Your output must be the lines below from the line containing "Podkładka pod kubek Violet 11x11x1cm" to the line containing "Jako T-shirt Team niebieski Royal 42", both lines included, reproduced exactly and without pictures.
*** SUPPLIED INFORMATION Section Begins ***
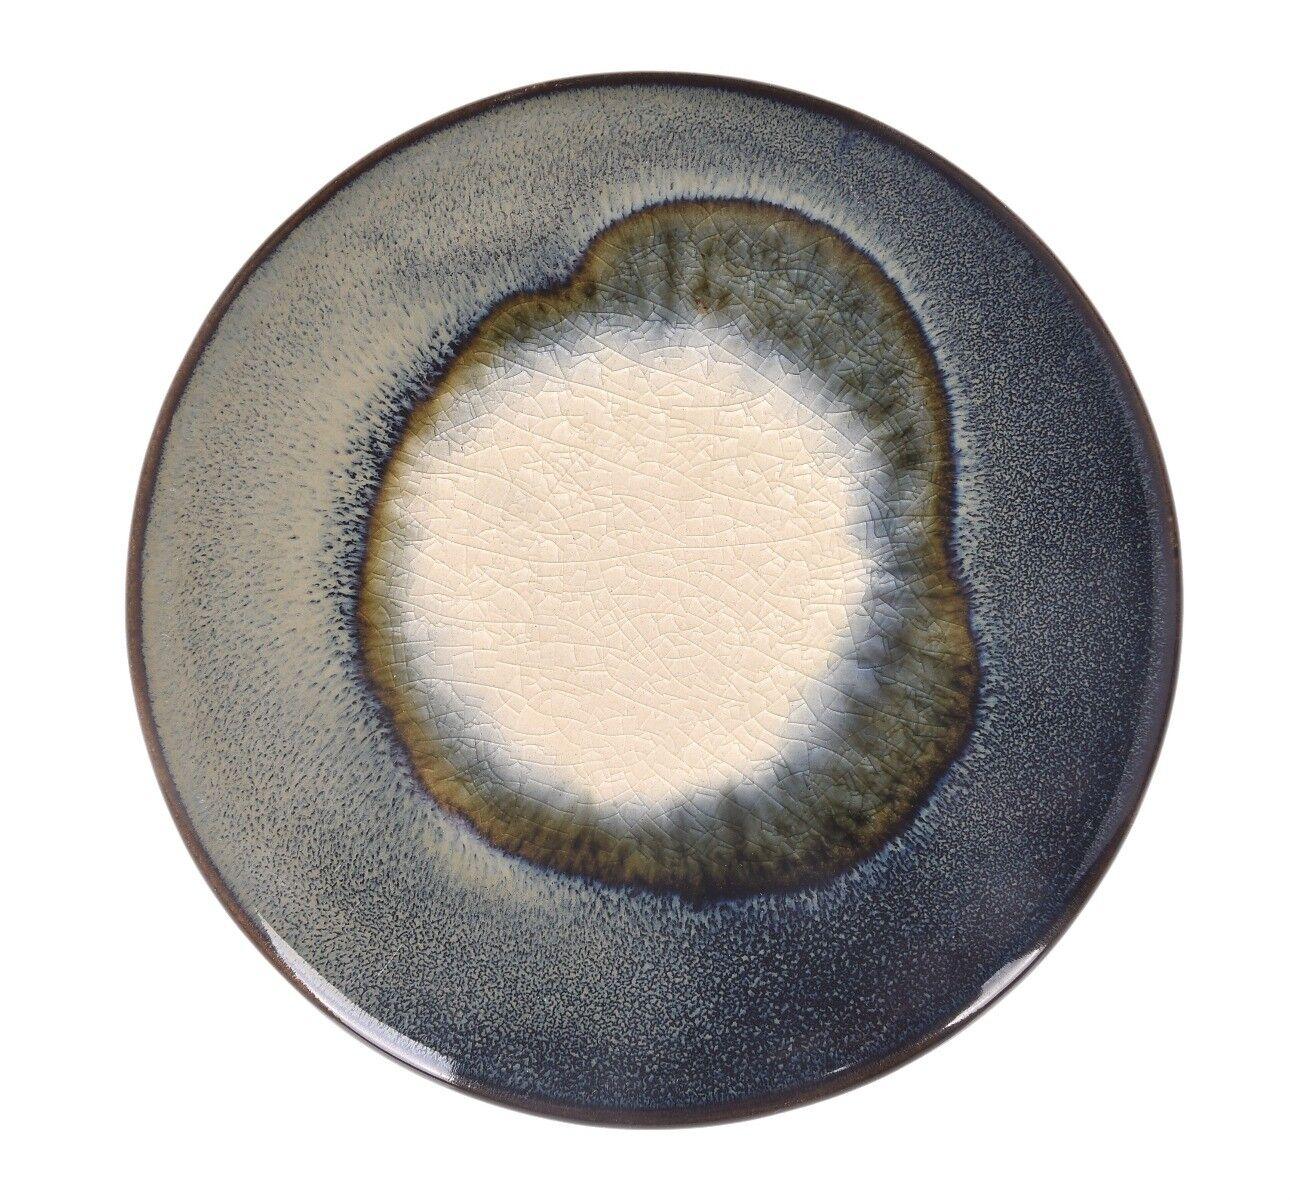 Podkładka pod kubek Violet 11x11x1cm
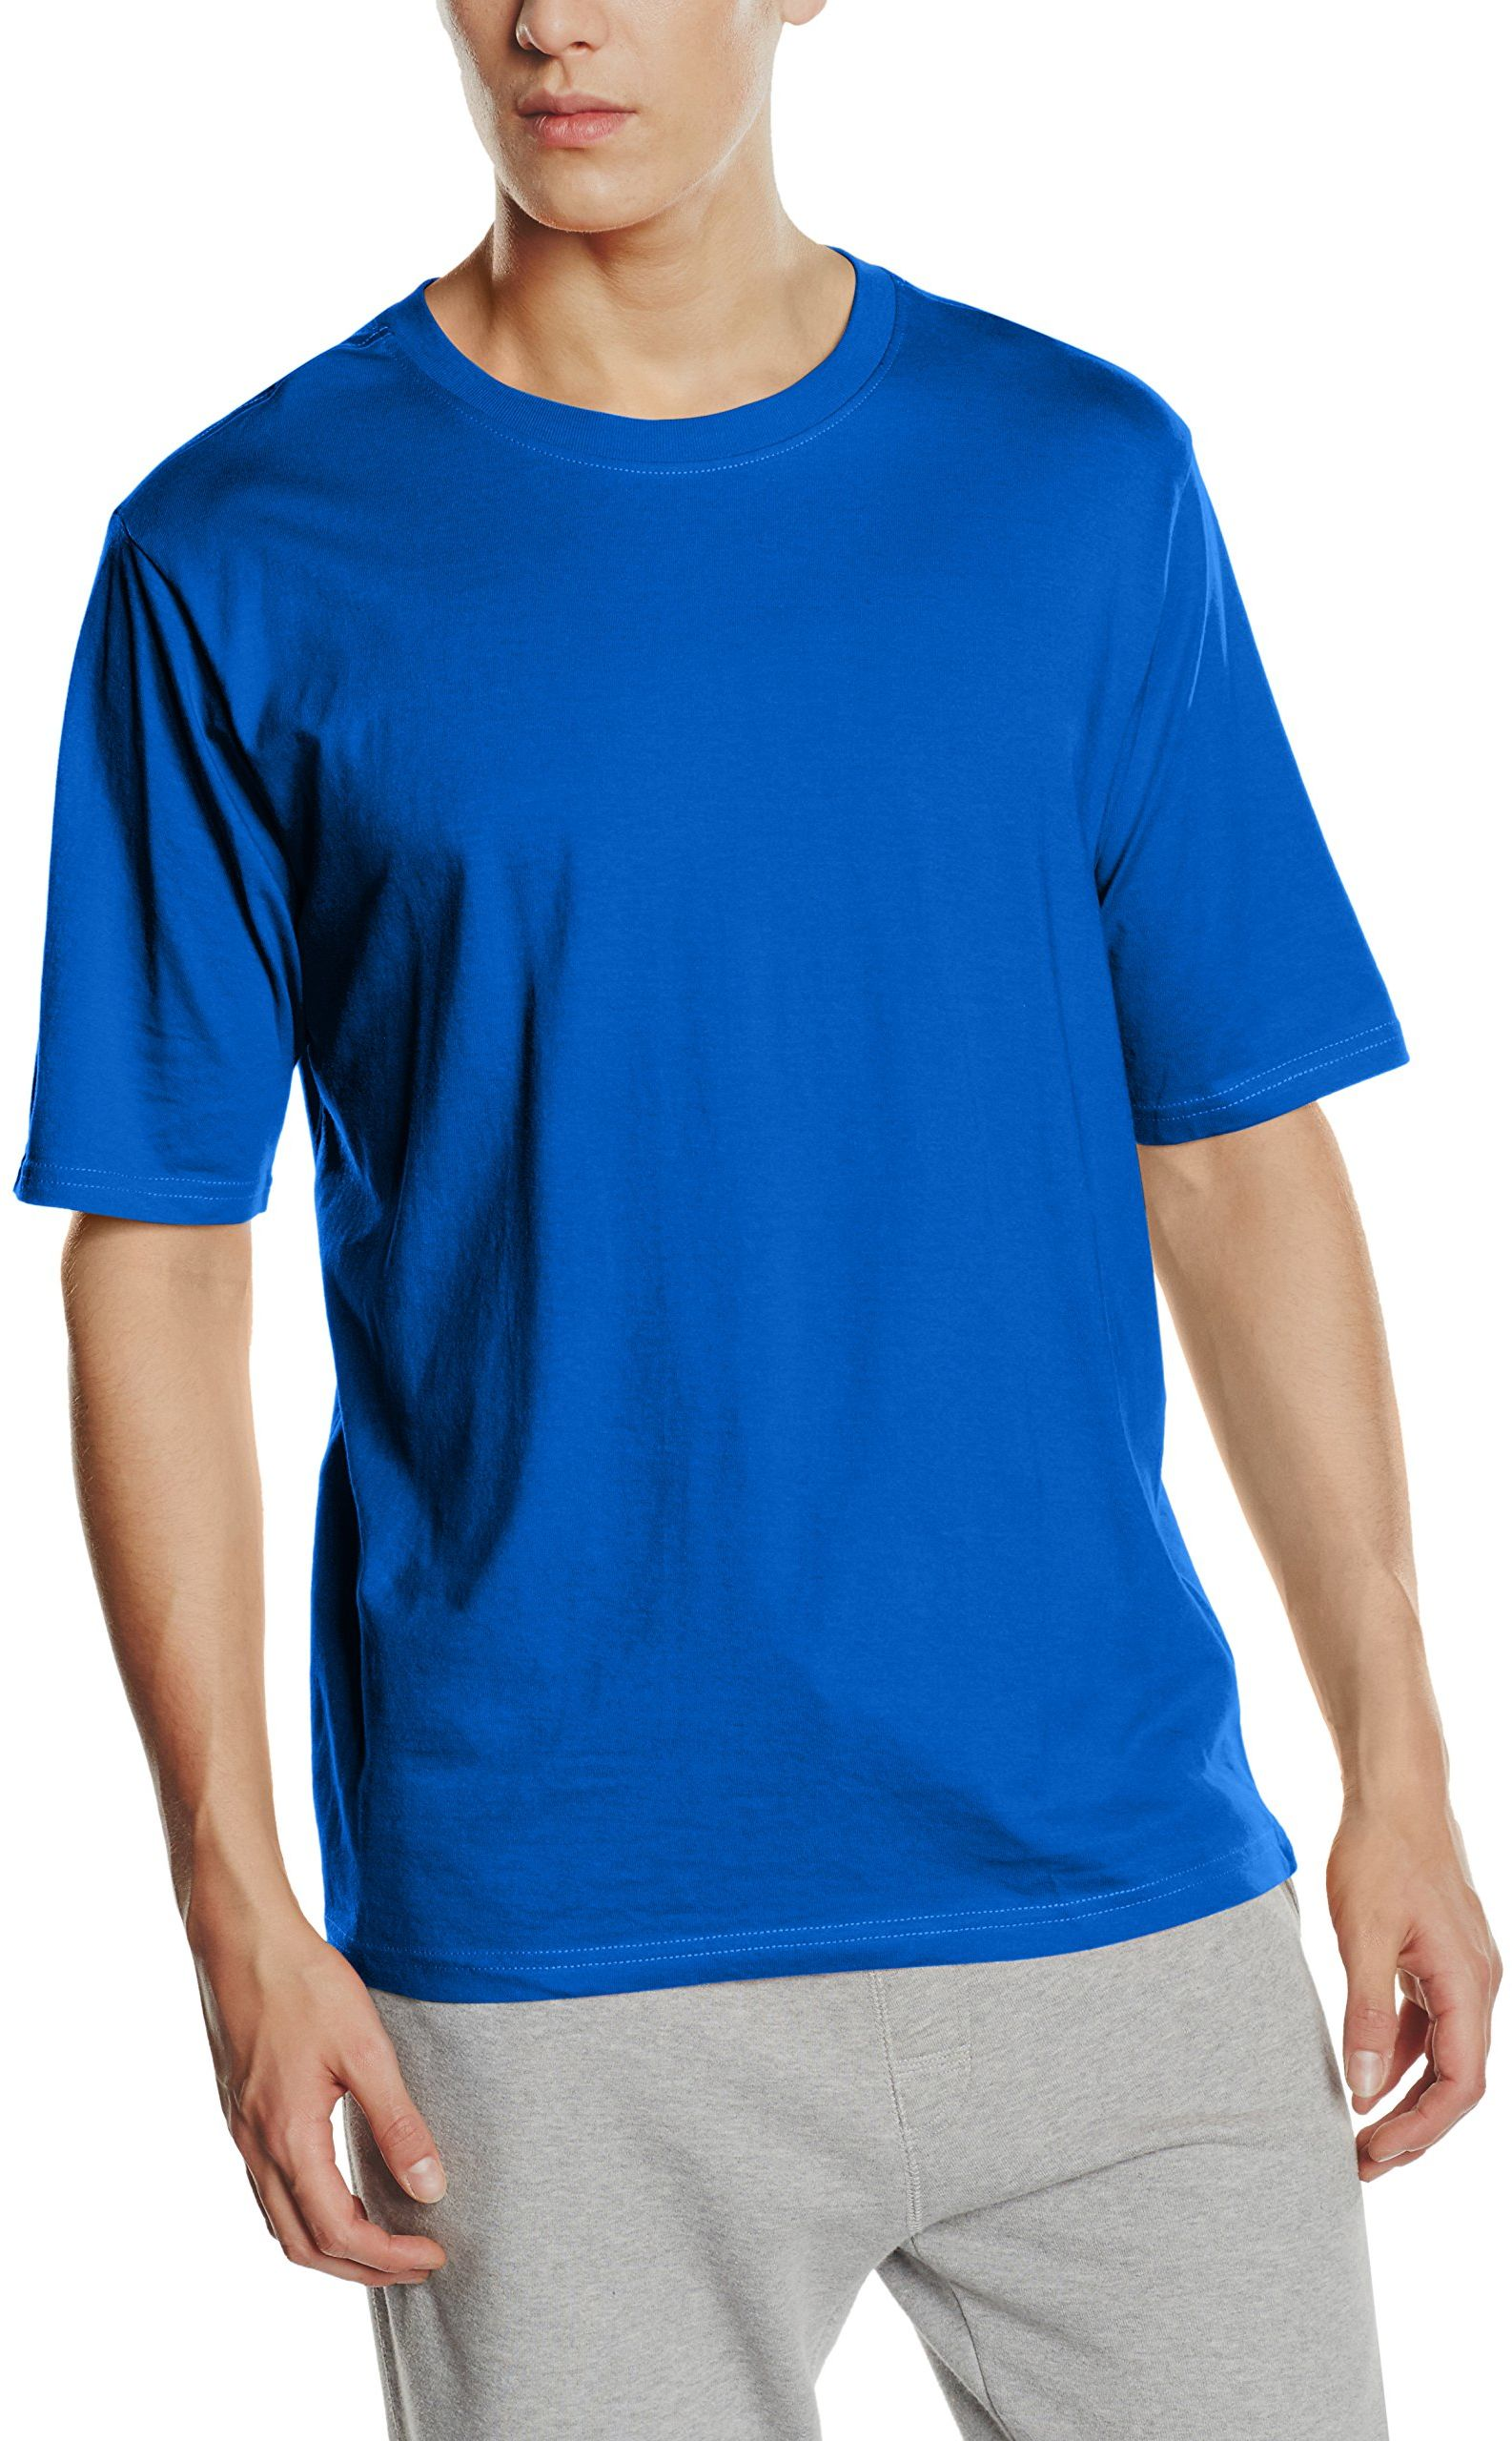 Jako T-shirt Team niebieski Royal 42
*** SUPPLIED INFORMATION Section Ends ***
*** SUPPLIED INFORMATION Section Begins ***
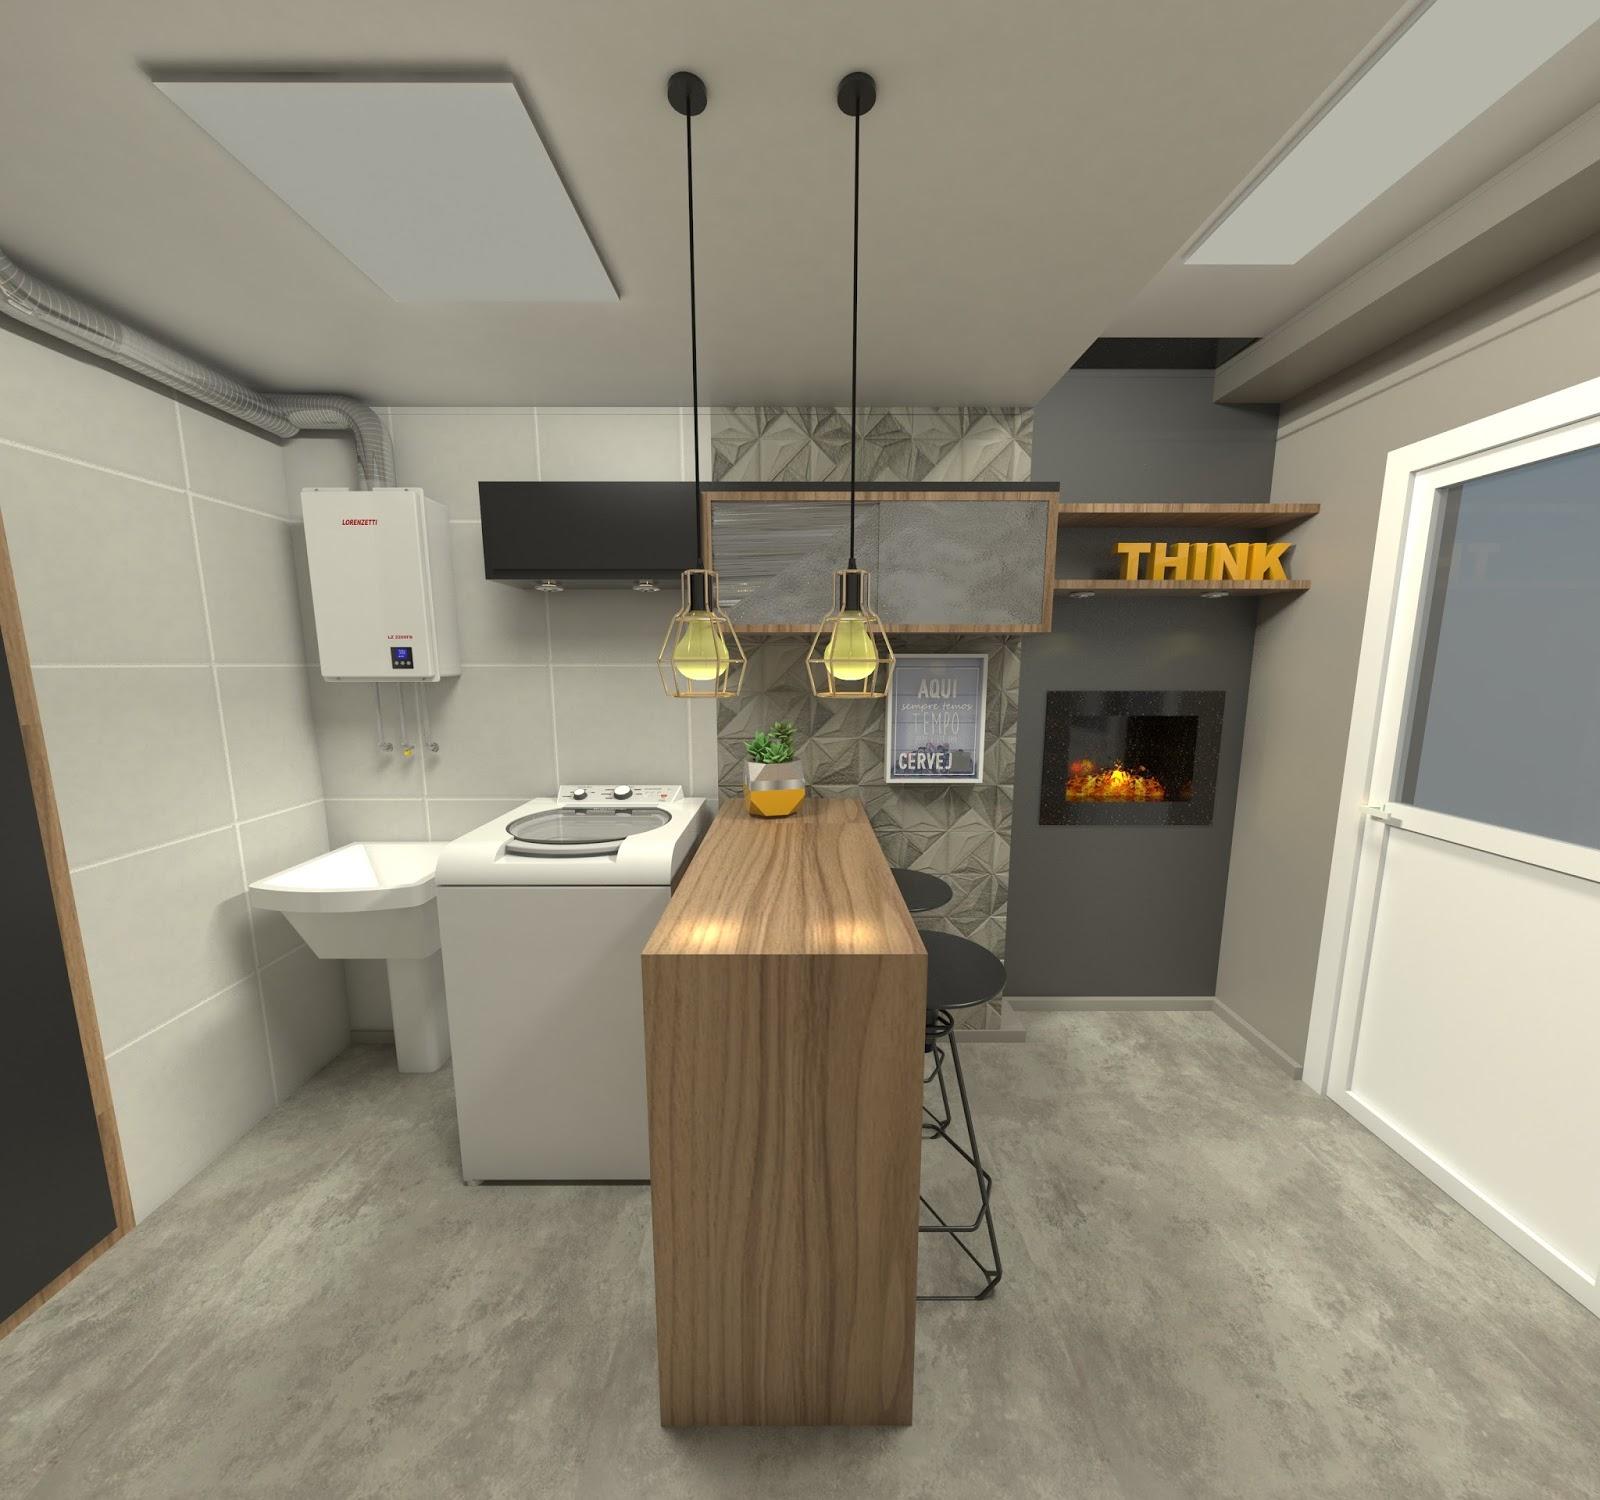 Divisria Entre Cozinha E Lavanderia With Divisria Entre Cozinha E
*** SUPPLIED INFORMATION Section Ends ***
*** SUPPLIED INFORMATION Section Begins ***
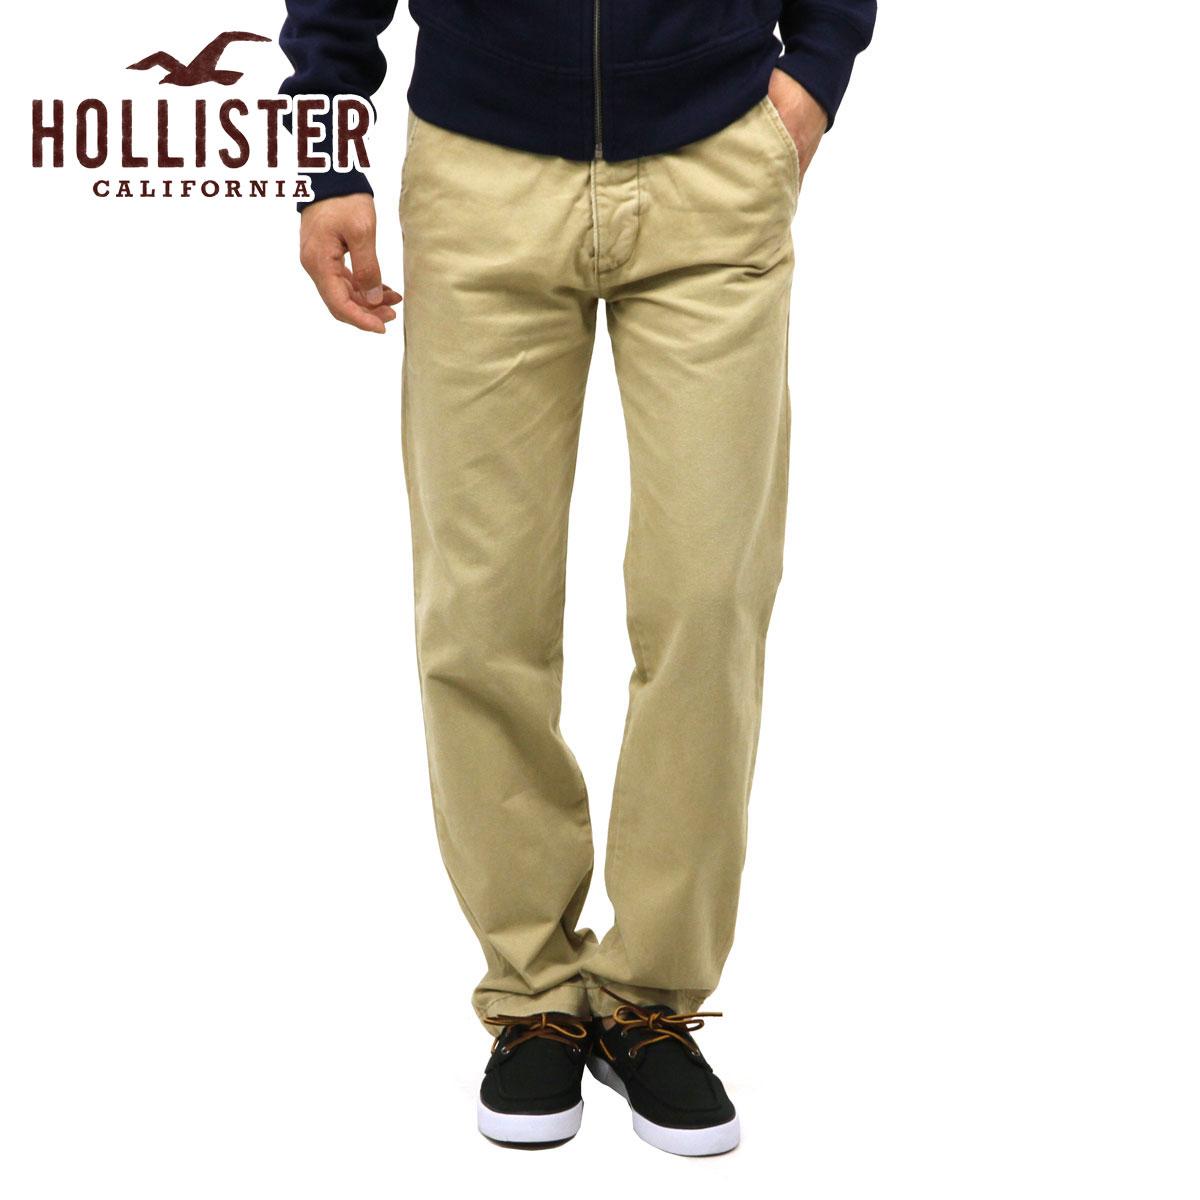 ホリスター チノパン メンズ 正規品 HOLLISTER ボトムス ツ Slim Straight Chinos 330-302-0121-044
*** SUPPLIED INFORMATION Section Ends ***
#### RESPONSE TO THIS TASK:
 Podkładka pod kubek Violet 11x11x1cm
 Jako T-shirt Team niebieski Royal 42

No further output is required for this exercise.